Inter-Document Hyperlinks

If you create hyperlinks between documents in a set and then convert them all to HTML using this program, the hyperlinks will be converted to link to the HTML versions rather than to the original ODT documents.

Master Documents

To convert a master document, open it in the word processor and exported it as an ODT file and convert that. Hyperlinks between the subdocuments of a master document will be converted to internal links within the final document.

Formatting Adjustements for the Web

Odt2html uses a few CSS tricks improve reading on small screens. For one, the margins are cut from 1/2" to 1/8" for narrow screens. Second, multi-column layout is disabled for narrow screens.

Handling of Hyperlinks to Audio and Video Files

If you put an hyperlink to an audio or video file in the ODT document and set the "Target" to "player", Odt2html will create a popup player for it. (If you do not set the target attribute, the browser will handle it however it thinks best.)
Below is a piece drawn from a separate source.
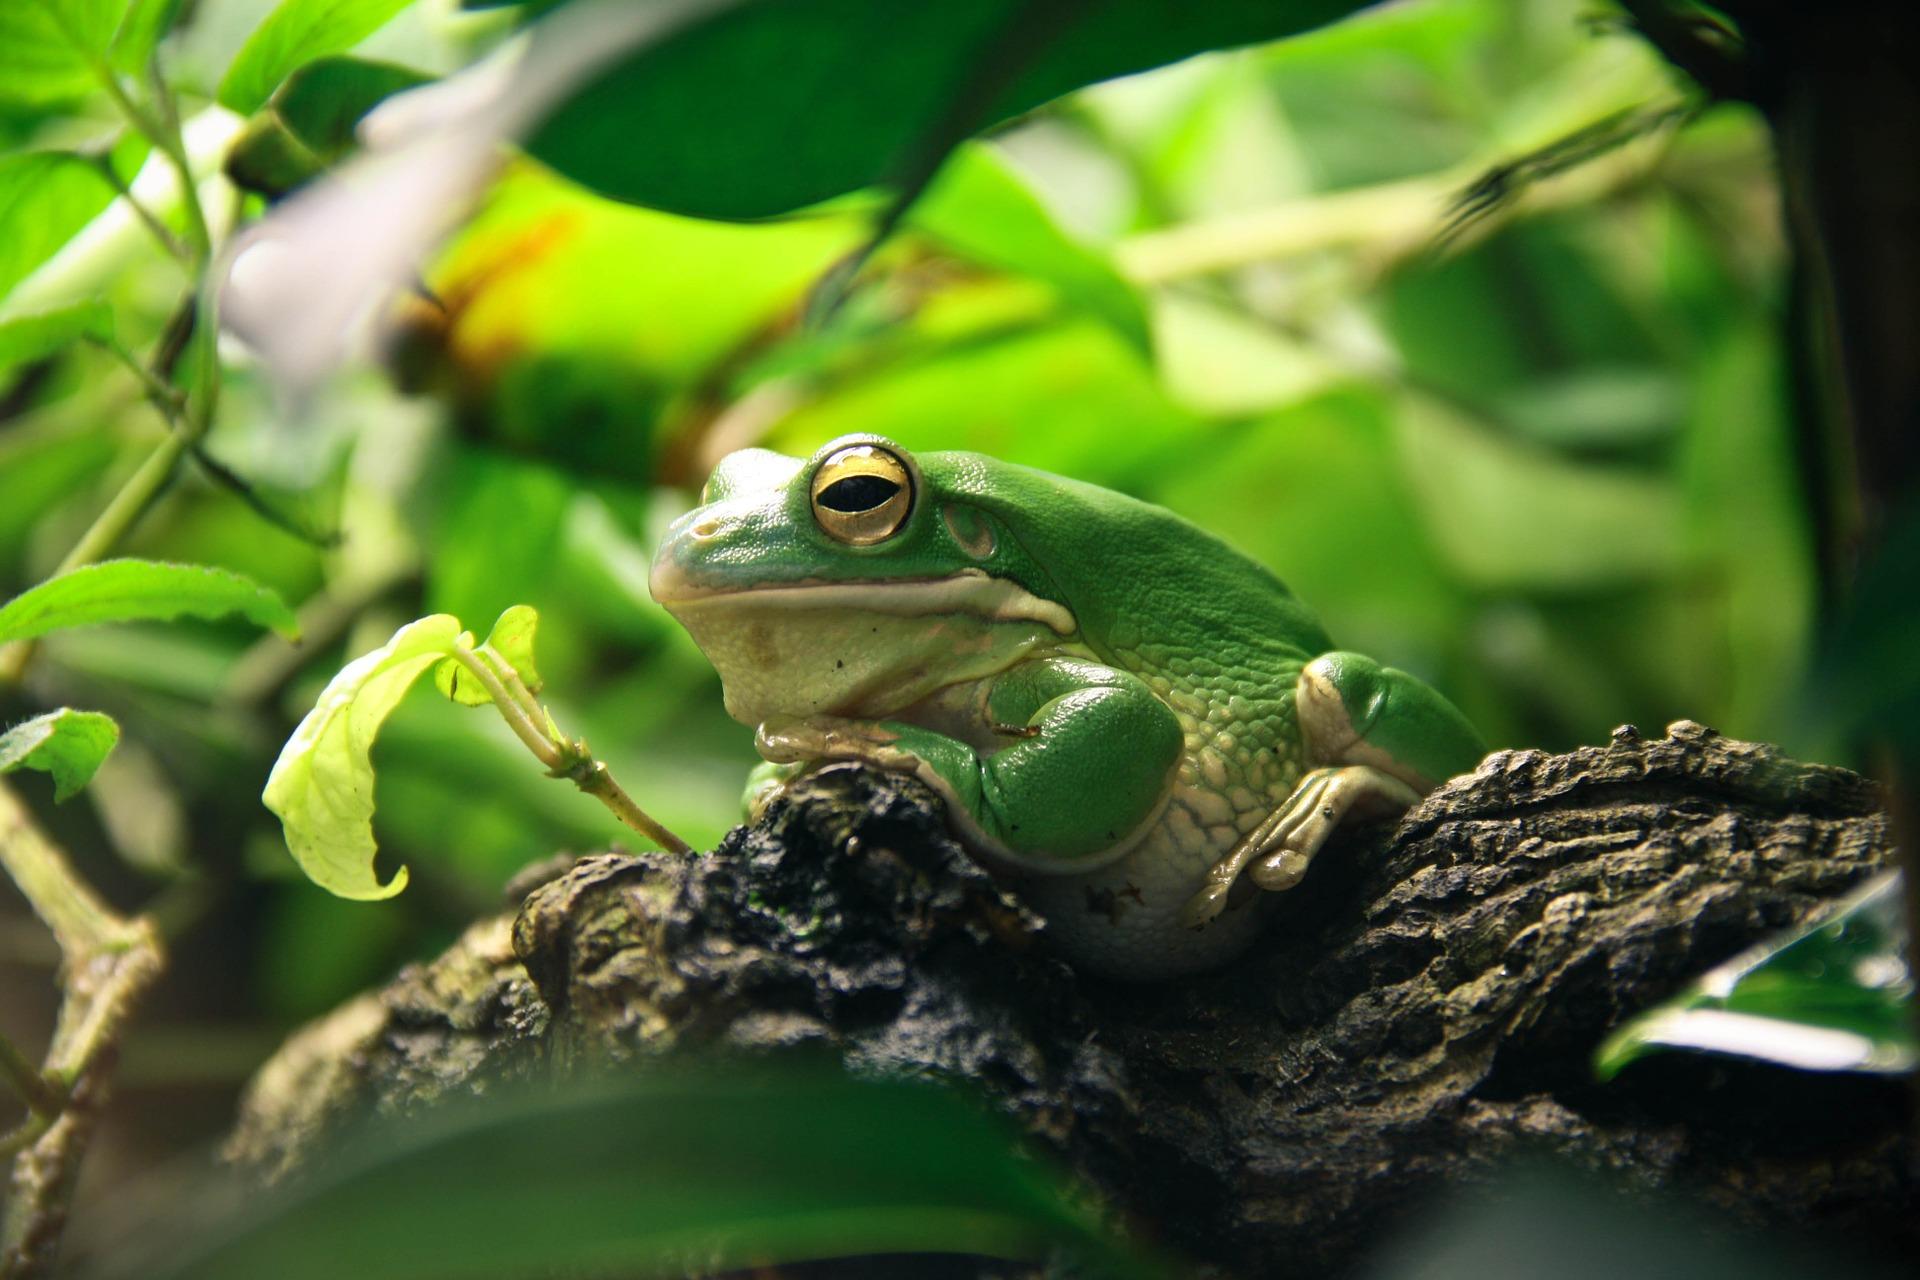 frog-663966_1920.jpg

The popup audio player takes the form of a horizontal bar at the bottom of the screen which contains a play/pause button, a progress bar, a menu of download links, and a close button.

The video player pops up in the middle of the window. It has a title bar with download links and a close button. It can be dragged around the screen.
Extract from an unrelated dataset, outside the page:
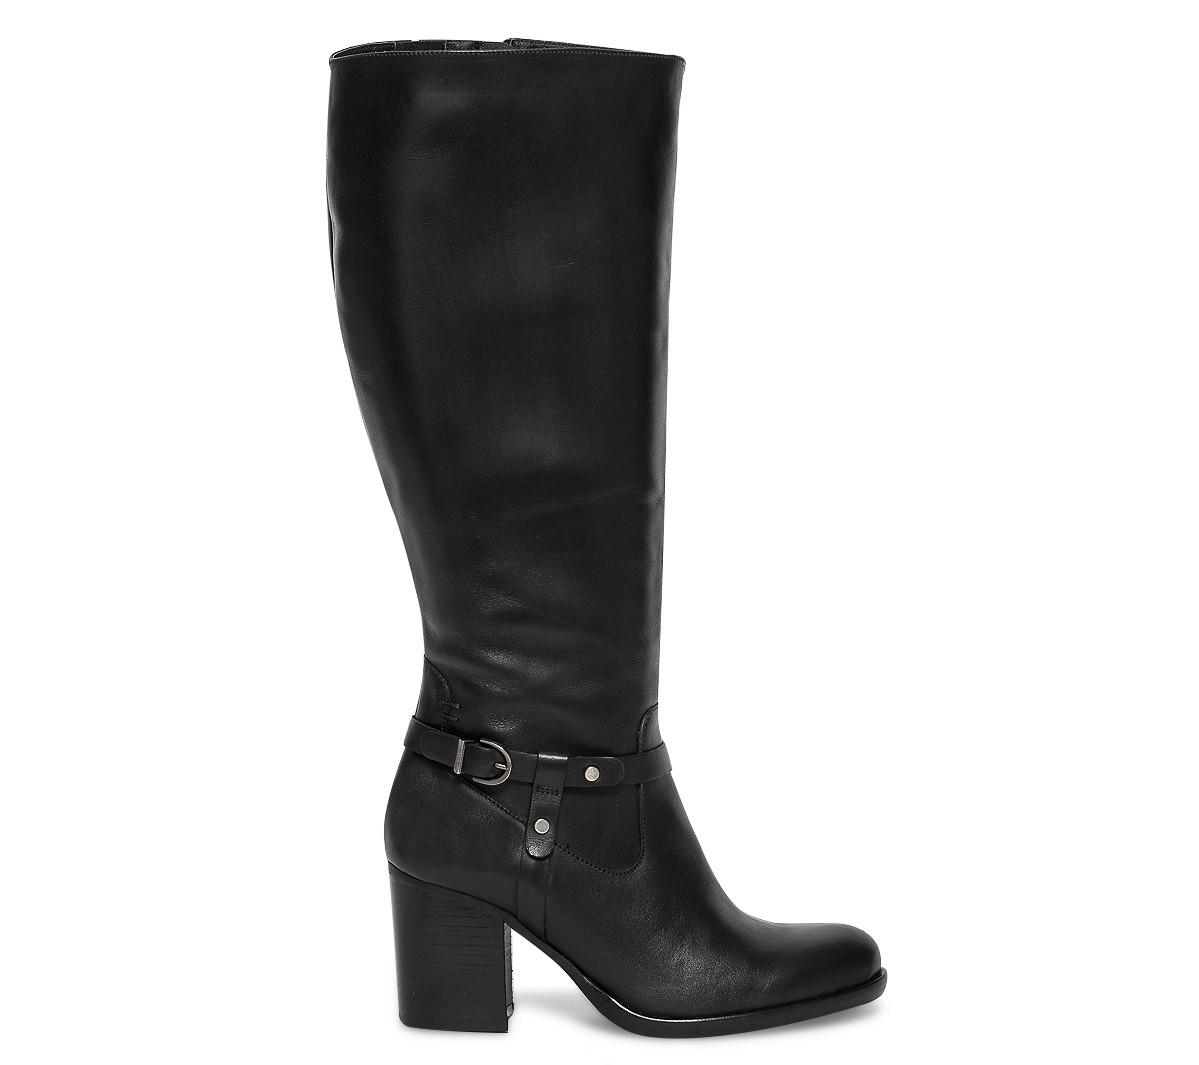 bottes mollets larges pour se sentir bien dans ses chaussures. Black Bedroom Furniture Sets. Home Design Ideas

If you have media files in multiple formats or video resolutions, you should create a manifest file using odt2html-media-manifest and point the hyperlink to that.

Speaking Table Cells Extension

Odt2html provides an extension to the ODT format for creating language phrasebooks with spoken audio. Table cells which contain foreign language phrases can be made to play individual audio files or segments of a single single large audio file when the user clicks on them.
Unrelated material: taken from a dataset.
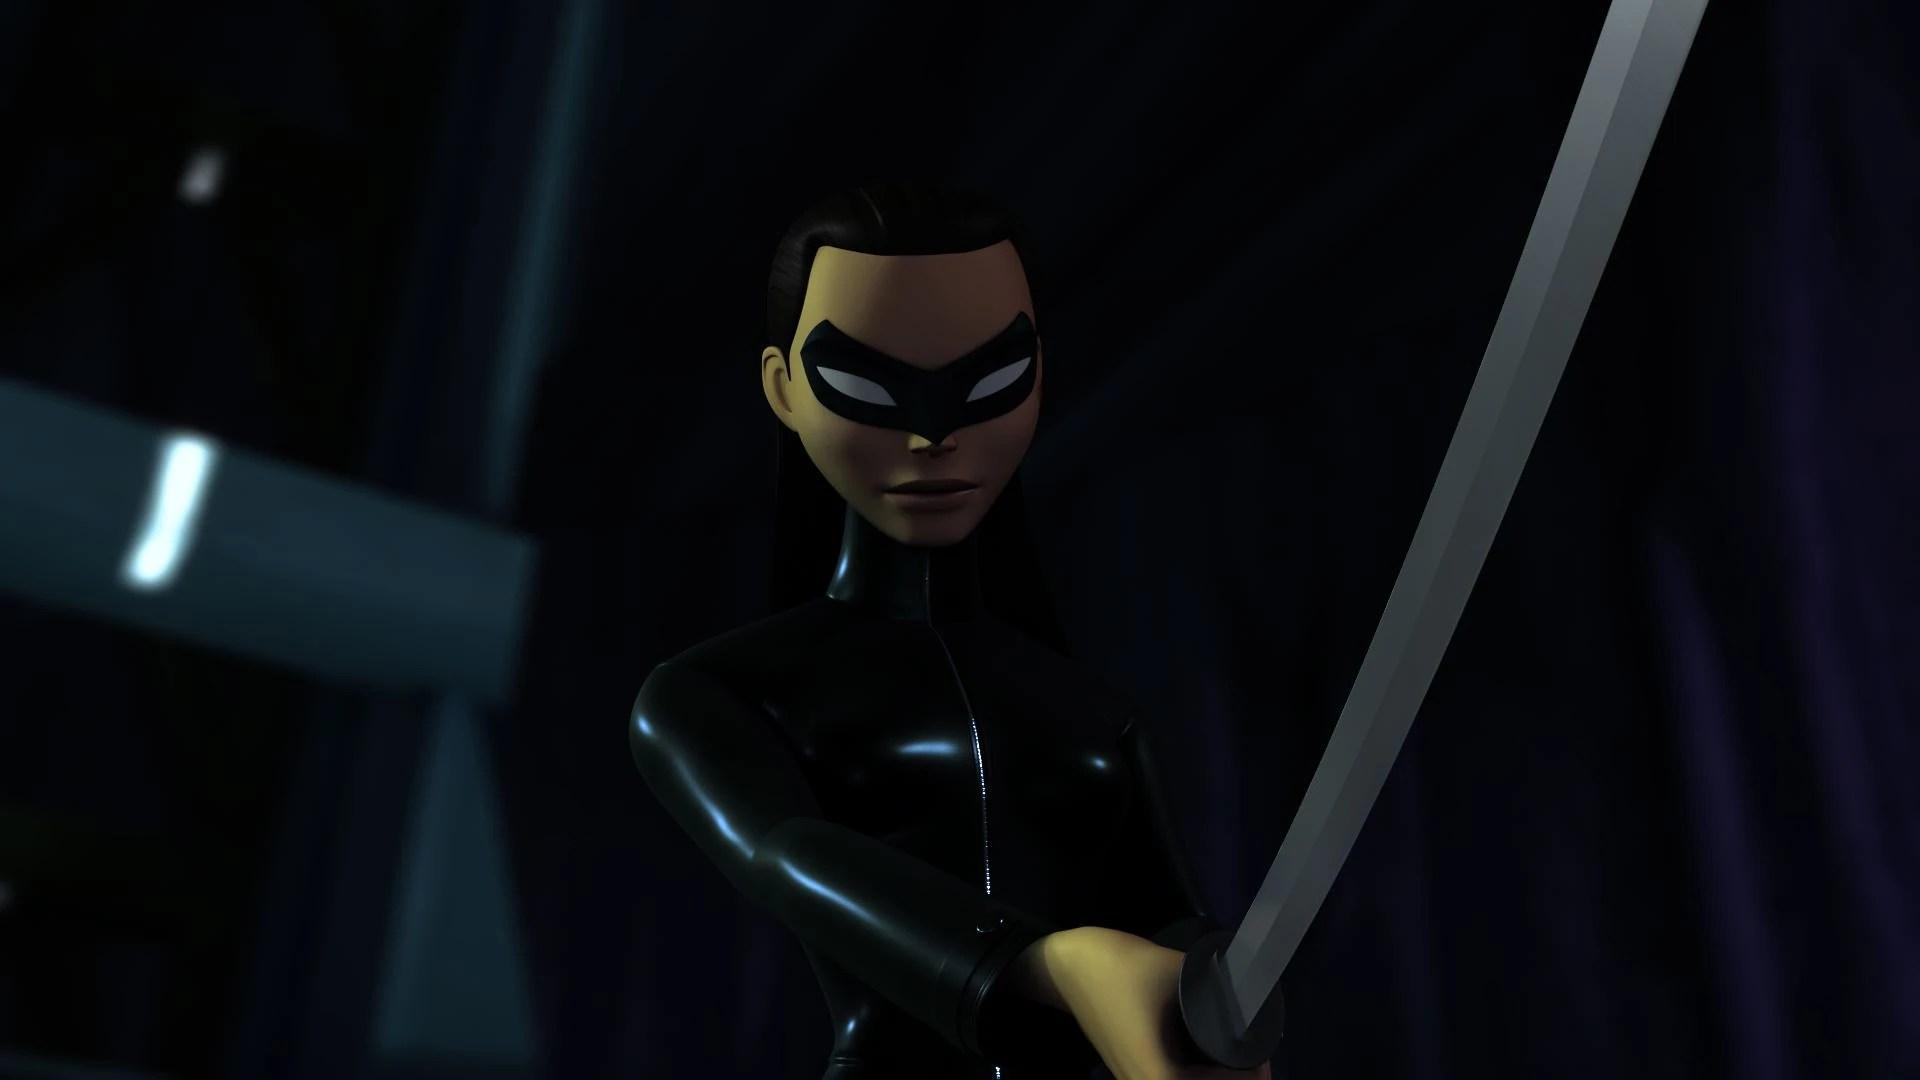 Sword Art Online Animated Wallpaper Katana Beware The Batman Batman Wiki Fandom Powered

To set a document up for speaking table cells, create a user defined variable in the document properties called "TD Sound" with the type "Text". The value should be two values separated by a colon:

  • A two-letter language code. If a table cell starts with a run of text marked as being in this language, it is considered to be an candidate for a speaking table cell. (You may used an asterisk as a wildcard.)
  • A file system path relative to the ODT file. It should point either to a directory or to an Audacity labels file with an extension of .txt.
    • If it is a directory, it should contain audio files for each table cell. The names of the files without the extension should match the text of the cooresponding table cell. You should provide files in both MP3 and OGG formats.
    • If its is an Audacity labels file, it should contain labels that match the text in the same order as in the ODT file. There should be one MP3 and one OGG file alongside it with the same base name.

If the text in a table cell (though of the correct language) does not match a file in the directory specified or the next message in the Audacity labels file, it will be skipped and that cell will not speak.

Reflowable Grid Layout Extension

Odt2html provides an extension to the ODT format for creating grid layouts which reflow displaying only as many columns as will fit on the page. You can enable this feature by creating a table and including the substring "Wrap" in its name. The cells will then flow into the available page much as if they were words on a page or thumbnail images in a photo gallery.